Amundson and his wife also sit down monthly to talk money. He recommends using a site like Mint.com or a money management app to aggregate everything in one place. It makes it easier to talk about your financial plans — and helps you and your spouse stay on track with saving.

Communicate Often About Long-Term Goals

Communicate Often About Long-Term Goals

Accomplishing short-term goals will get you where you want to be in one, five, or 10 years. But all that planning will help if — and only if — you share the same big, long-term goals like the growth of your family, the age you’d like to retire, etc. There’s no such thing as over-communication when it comes to accomplishing the hopes and dreams you had on your wedding day.

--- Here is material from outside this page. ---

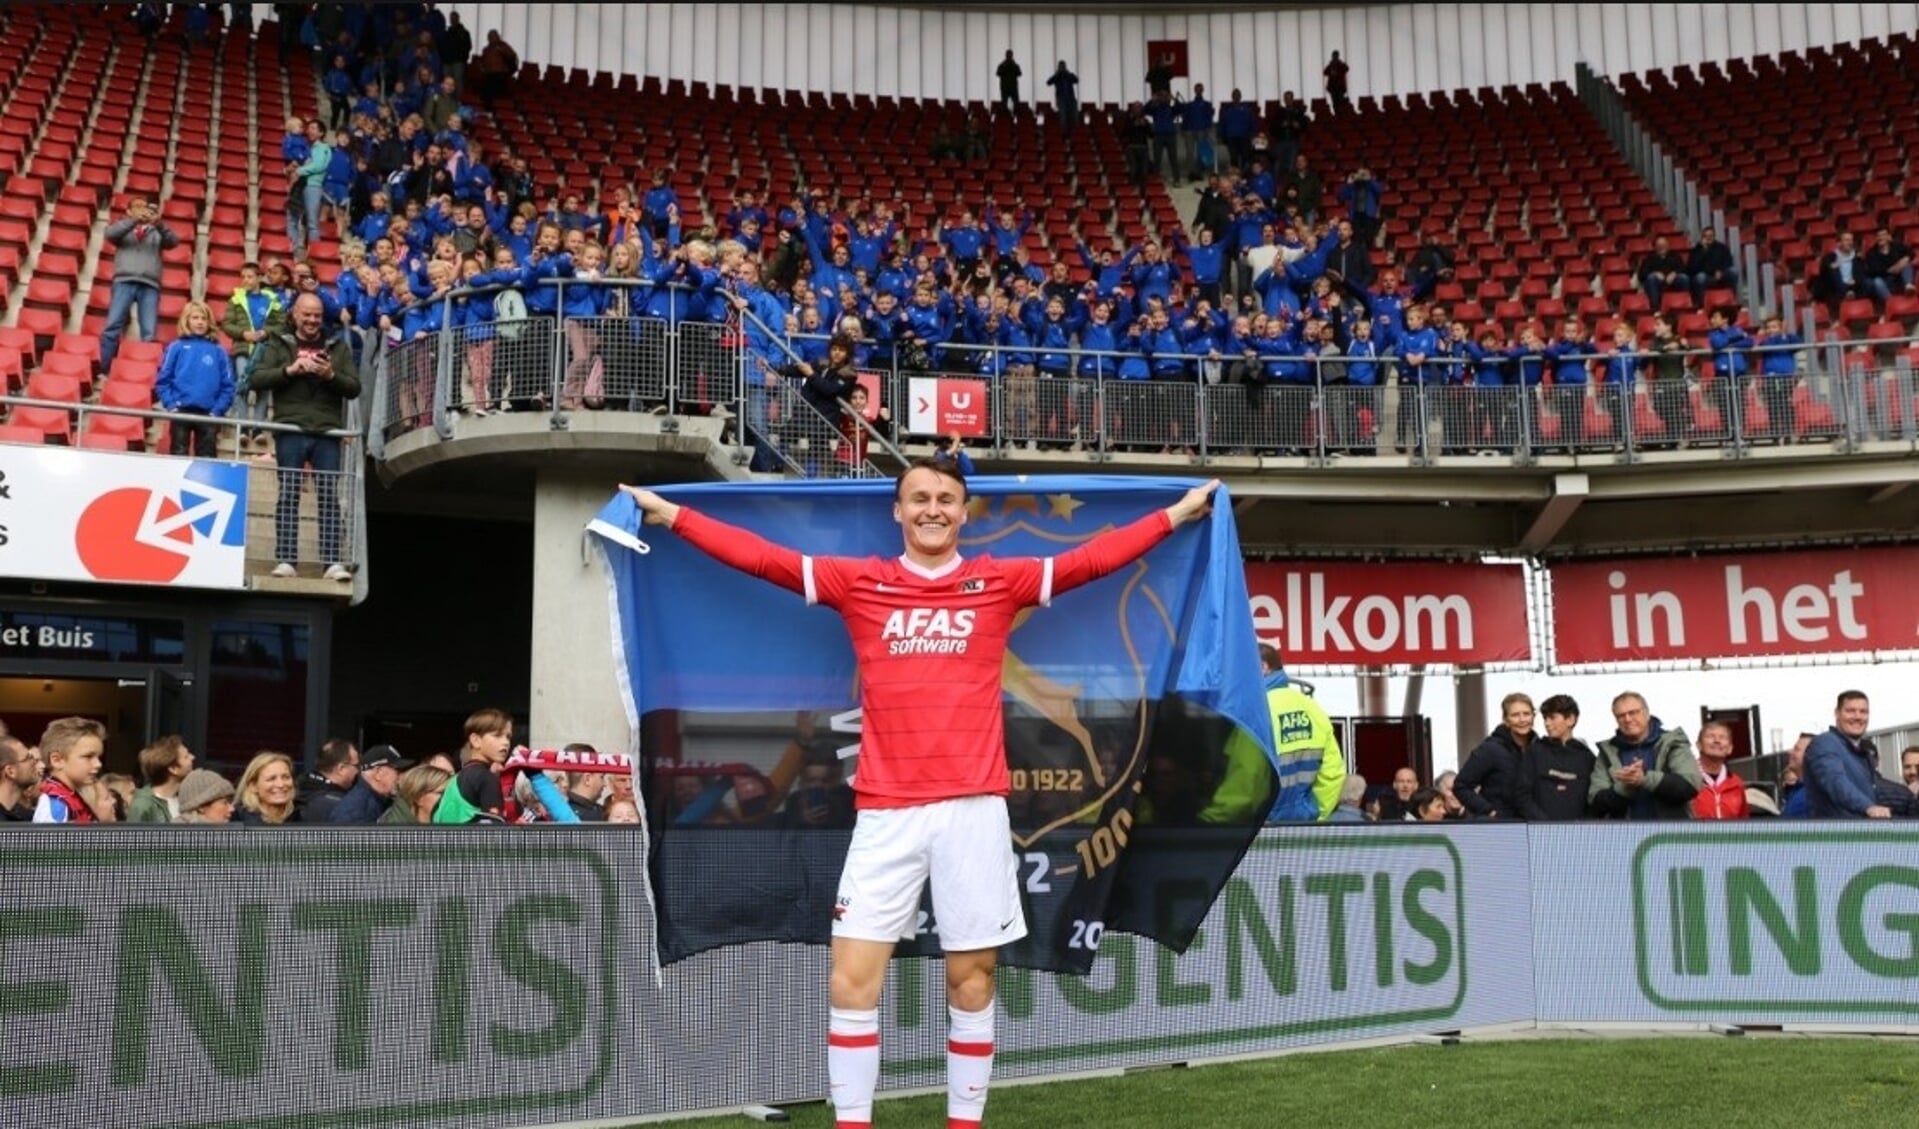 Nadat het laatste fluitsignaal geklonken had, en de spelers van AZ de ereronde voltooid hadden, kwam Peer Koopmeiners nog één keer het veld op, om met de Vitesse-vlag en de jeugdspelers op de foto te gaan.

John Heath, directing attorney at Lexington Law, urges spouses to ask each other some tough questions: “Couples should ask each other things like, ‘Do we want kids, and if so, how many?’ Kids are expensive, especially if you haven’t planned for them. Talk to your partner if you are considering adoption or would like to start funding a 529 plan for your kids’ college education. Do we want to buy a house in three years? Is it feasible to be student-debt free in three years? Answering these questions will point the two of you in the right direction.”

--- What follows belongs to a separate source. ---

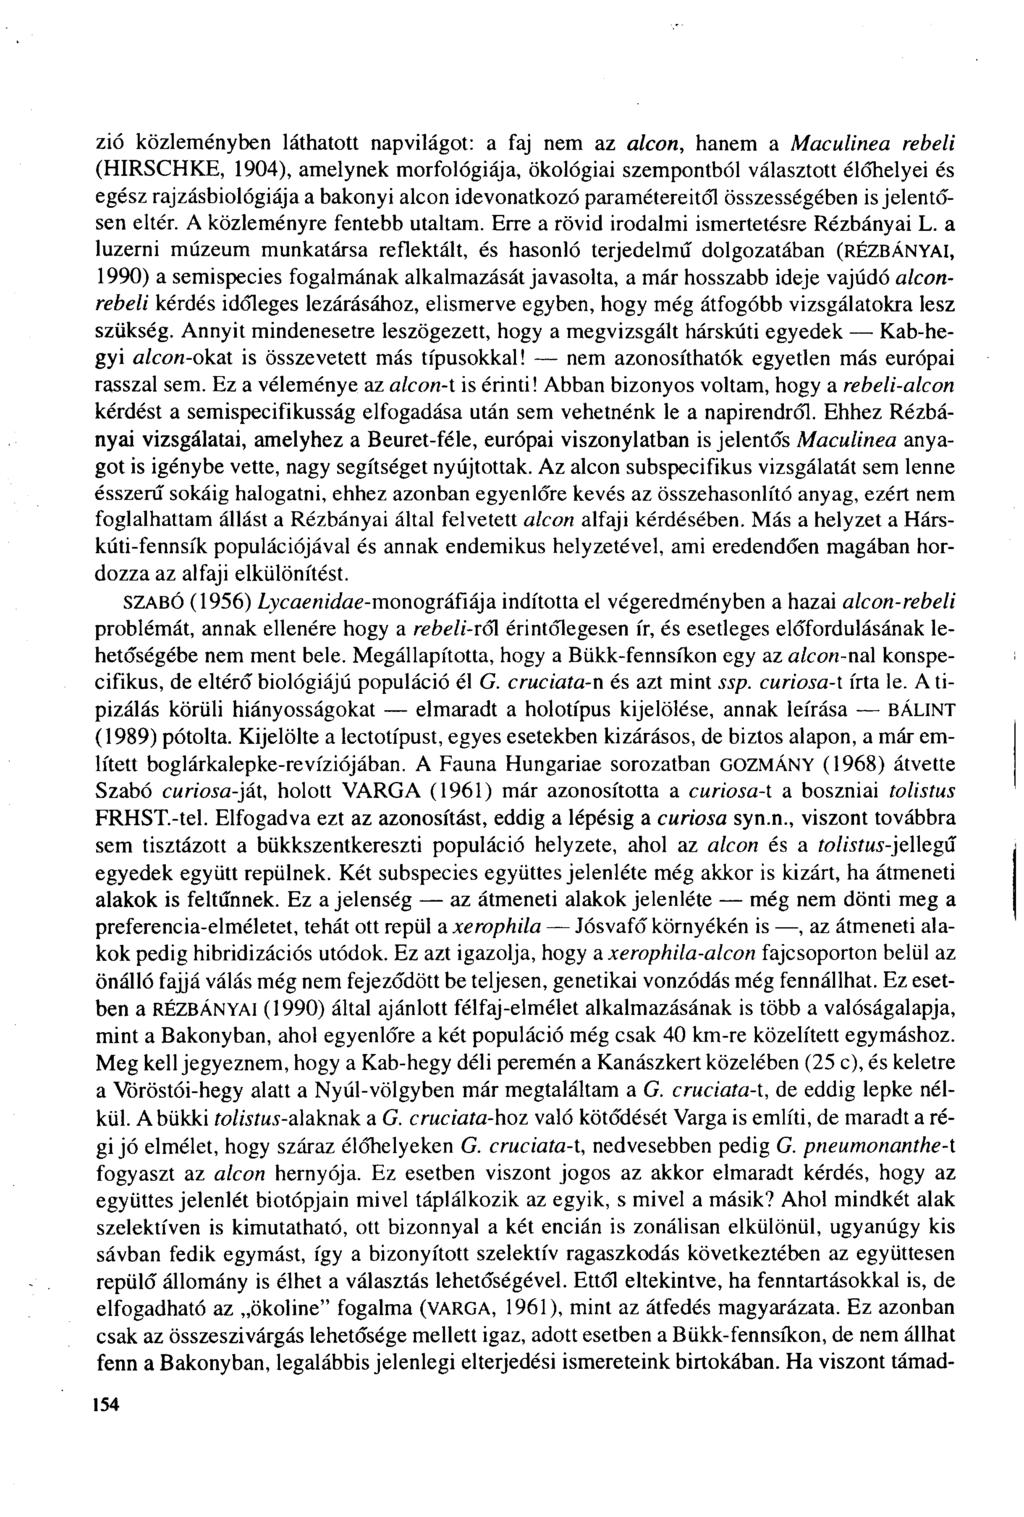 zid közleményben láthatott napvilágot: a faj nem az alcon, hanem a Maeulinea rebeli (HIRSCHKE, 1904), amelynek morfológiája, ökológiai szempontból választott élőhelyei és egész rajzásbiológiája a

To reach the goals in the most efficient way (and avoid getting overwhelmed by The Future), Health recommends ranking your mutual long-term goals together and working toward them side-by-side.

Create an Action Plan for Benefits, Retirement, and Emergencies

Create an Action Plan for Benefits, Retirement, and Emergencies

Your partner and you each came into the marriage with different things to offer financially. It’s likely you have various employment benefits to choose from, including life insurance, health insurance, 401(k)s, and more. Make the most of them by comparing each person’s plans. “For example, one spouse’s employer may have much better health insurance than the other’s, or maybe one 401(k) has much better investment options or a better match than the other,” says Ed Snyder, CFP(r), ChFC, of Oaktree Financial Advisors.

Plan for the unexpected, too, says Snyder. Have an emergency fund (that you both can access easily) so that if you have an expensive car repair or the furnace needs to be replaced — or one person loses their job — you have cash to cover it. Either spouse should be able to pay bills, access funds, and understand the budget in case the other physically can’t because of a medical emergency or health problem.

Finally, remember to name your partner in your will. Draft a will detailing the assets that you would like your partner and other beneficiaries to receive after you die. Name your partner as beneficiary on your retirement accounts and investment accounts, and consider giving your partner power of attorney, too.

Establish Fun Funds

Establish Fun Funds

Knowing the difference between “wants” and “needs” doesn’t mean you have to live in a state of constant deprivation. But it does mean that both of you have to agree on what falls into each category.

Alexandra Hopkin, a financial planner at Military Planners, offers this advice to her clients: Have allowances (or whatever you want to call it) that gives each spouse the same amount, regardless of their income, that they’re free to spend however they please, no questions asked.

“One spouse might spend their allowance on the first of the month each month, while the other might save up a few months for a larger purchase,” Hopkins says. “This helps couples stay within their household budget and reduces the number of arguments regarding finances, because it gives them an outlet for some controlled frivolous spending.”